Aim of the task: Output the listing below exactly, minus its images.
(Stored data Opens)
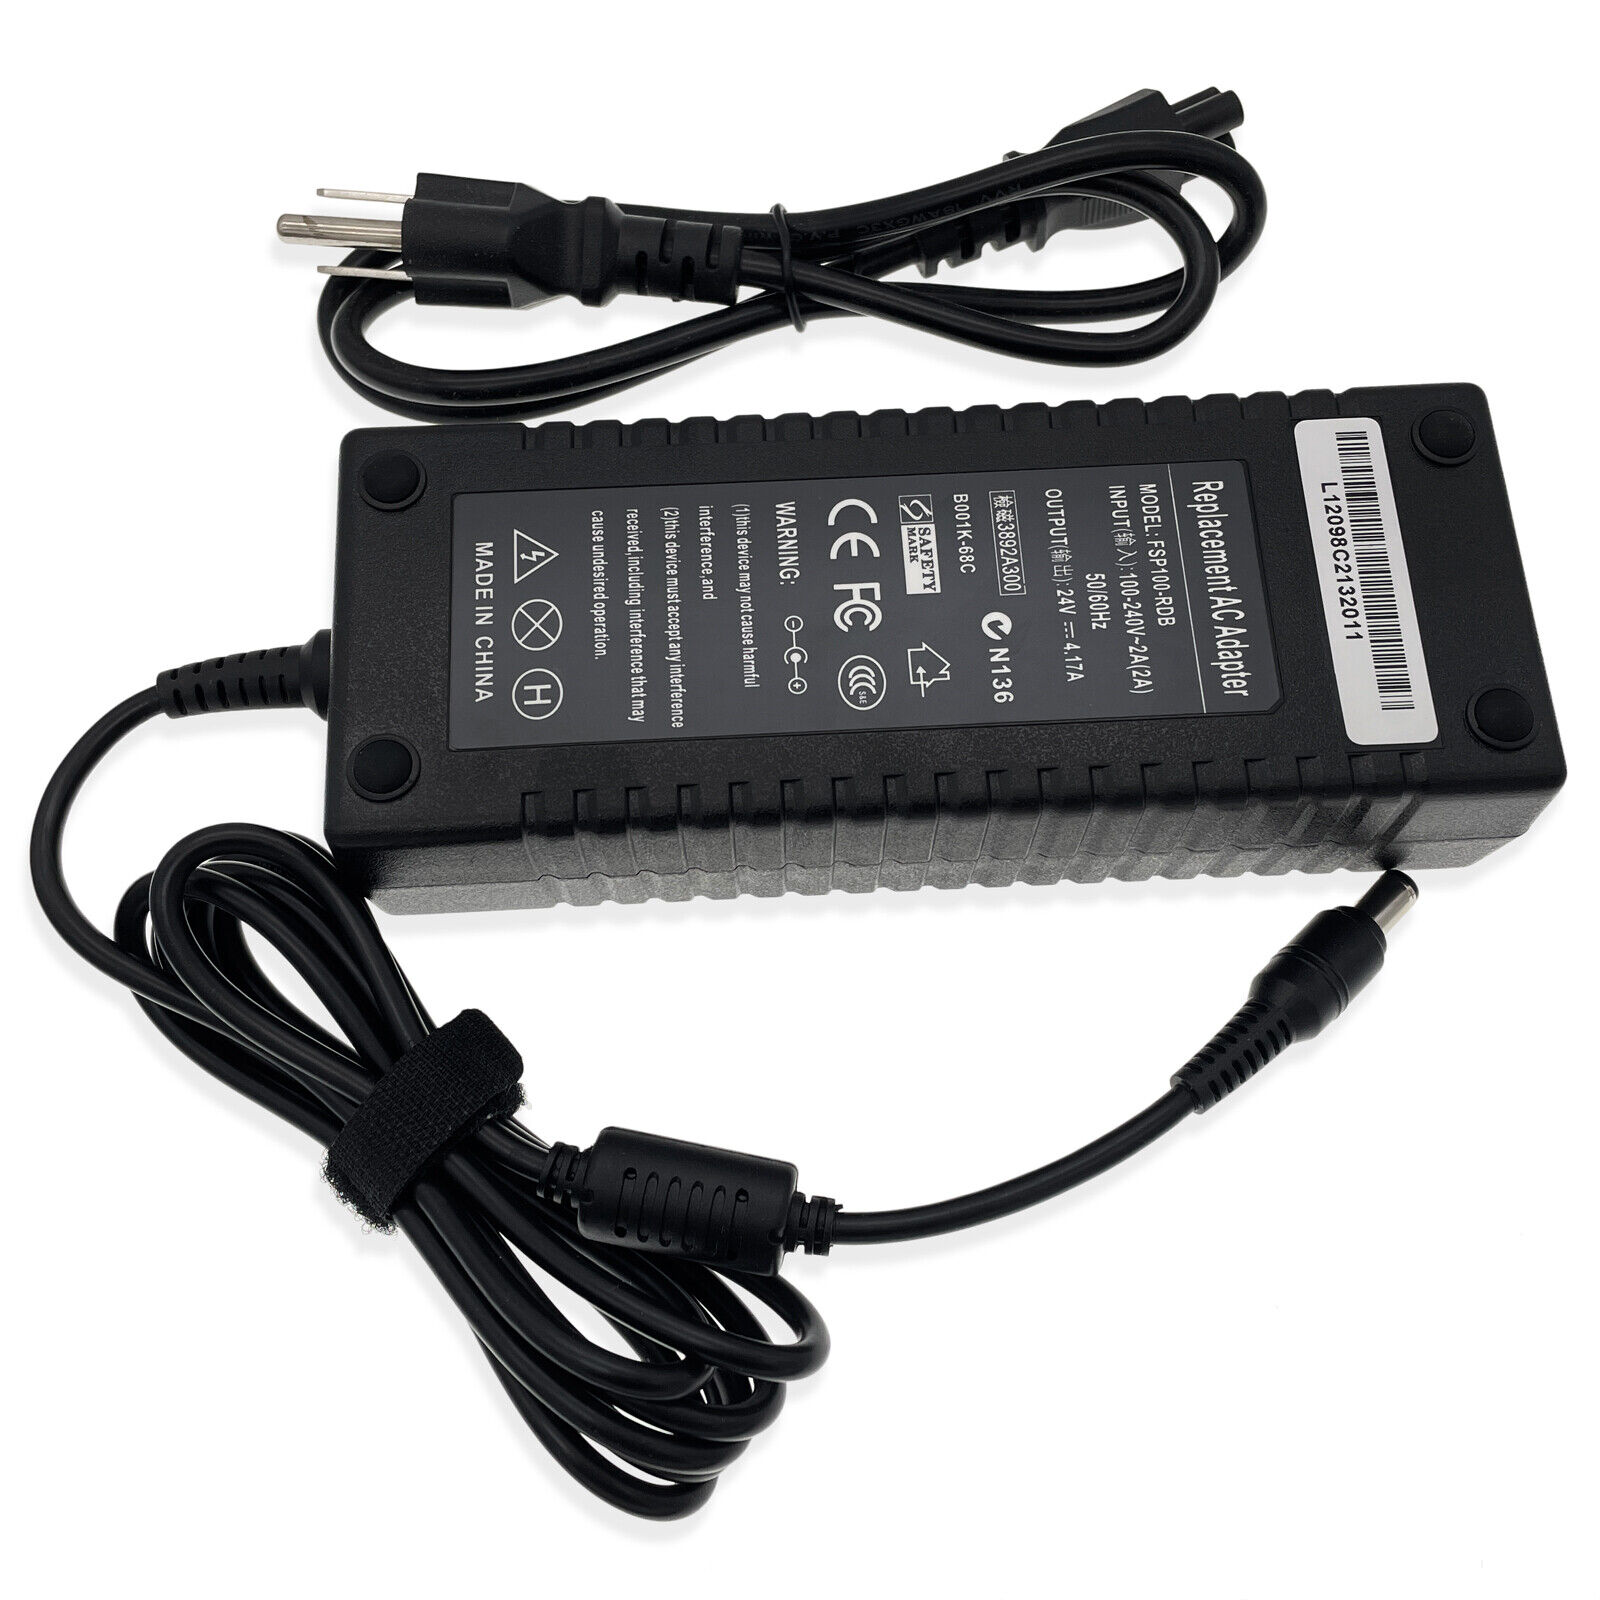 24V 4.17A AC Adapter Charger Power For Zebra FSP100-RDB P/N 808101-001 Printer Brand Unbranded/Generic Compatible Bran - Click Image to Close
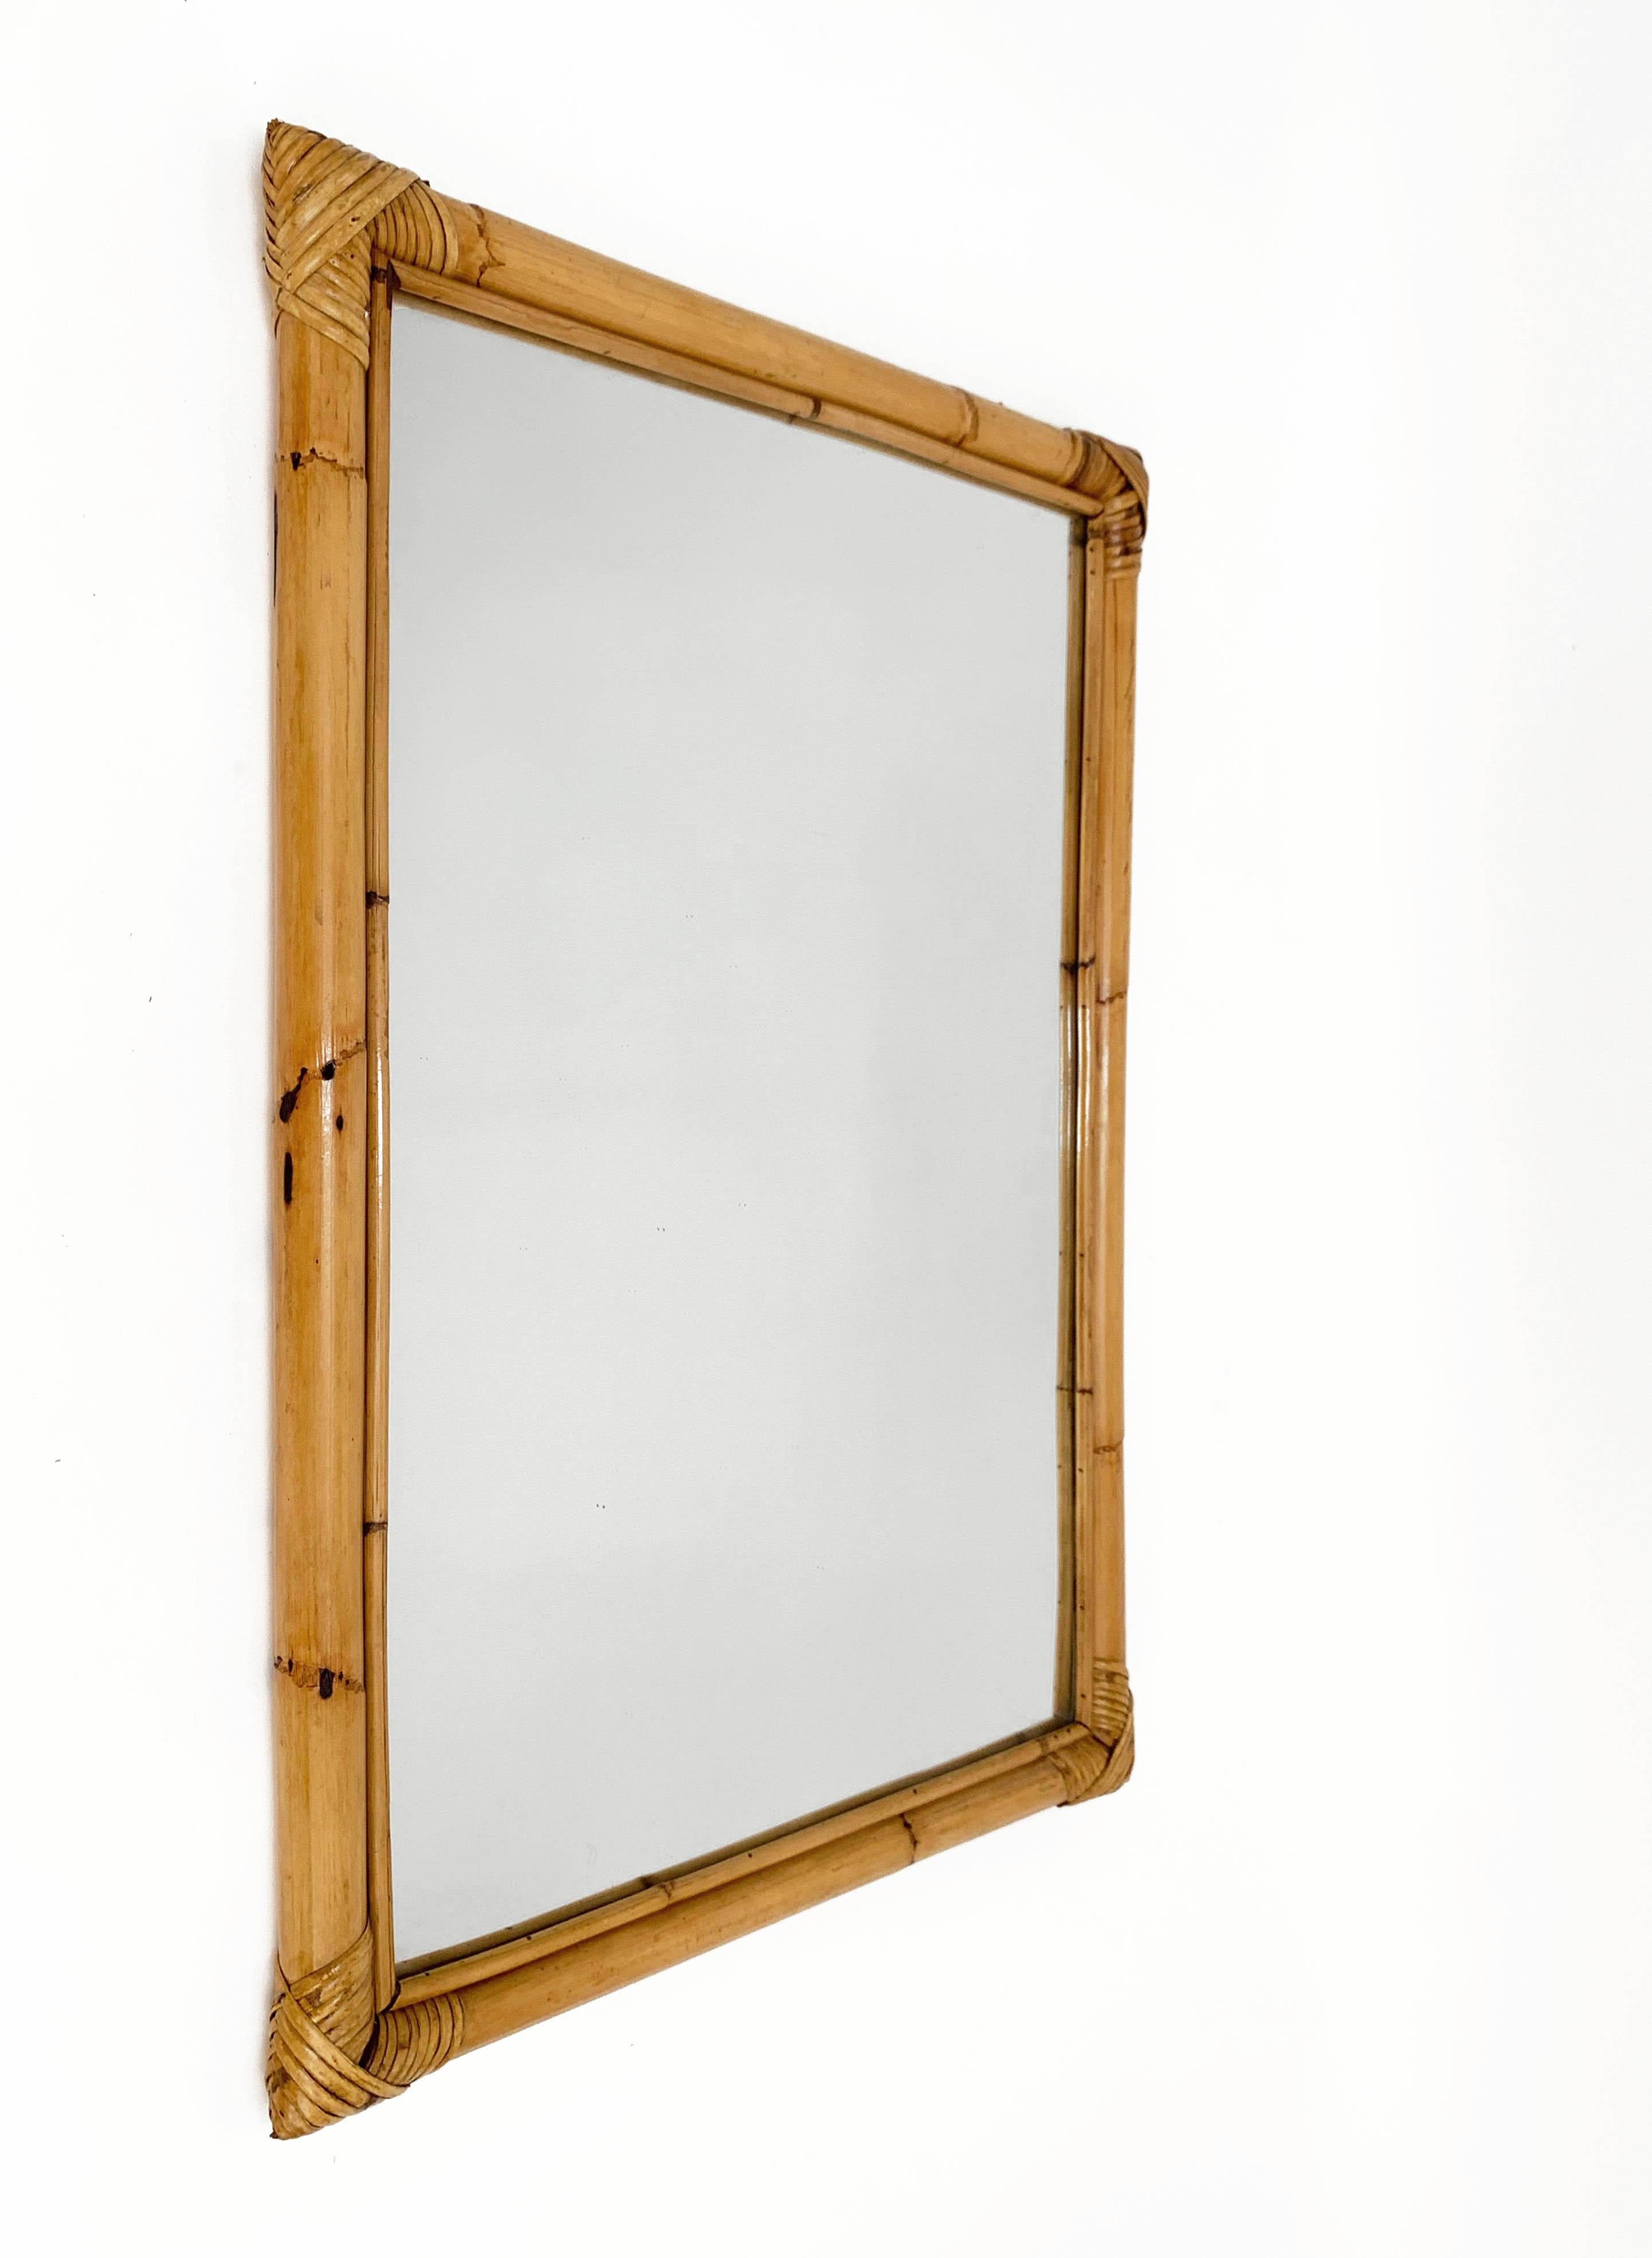 Wonderful midcentury rectangular mirror with bamboo woven wicker frame. This amazing item was produced in Italy during the 1970s.

The way in which bamboo lines and glass integrate is superb and transmits to this mirror a neverending
(Stored data Closes)
Exercise result:
 24V 4.17A AC Adapter Charger Power For Zebra FSP100-RDB P/N 808101-001 Printer Brand Unbranded/Generic Compatible Bran - Click Image to Close
 Wonderful midcentury rectangular mirror with bamboo woven wicker frame. This amazing item was produced in Italy during the 1970s.

The way in which bamboo lines and glass integrate is superb and transmits to this mirror a neverending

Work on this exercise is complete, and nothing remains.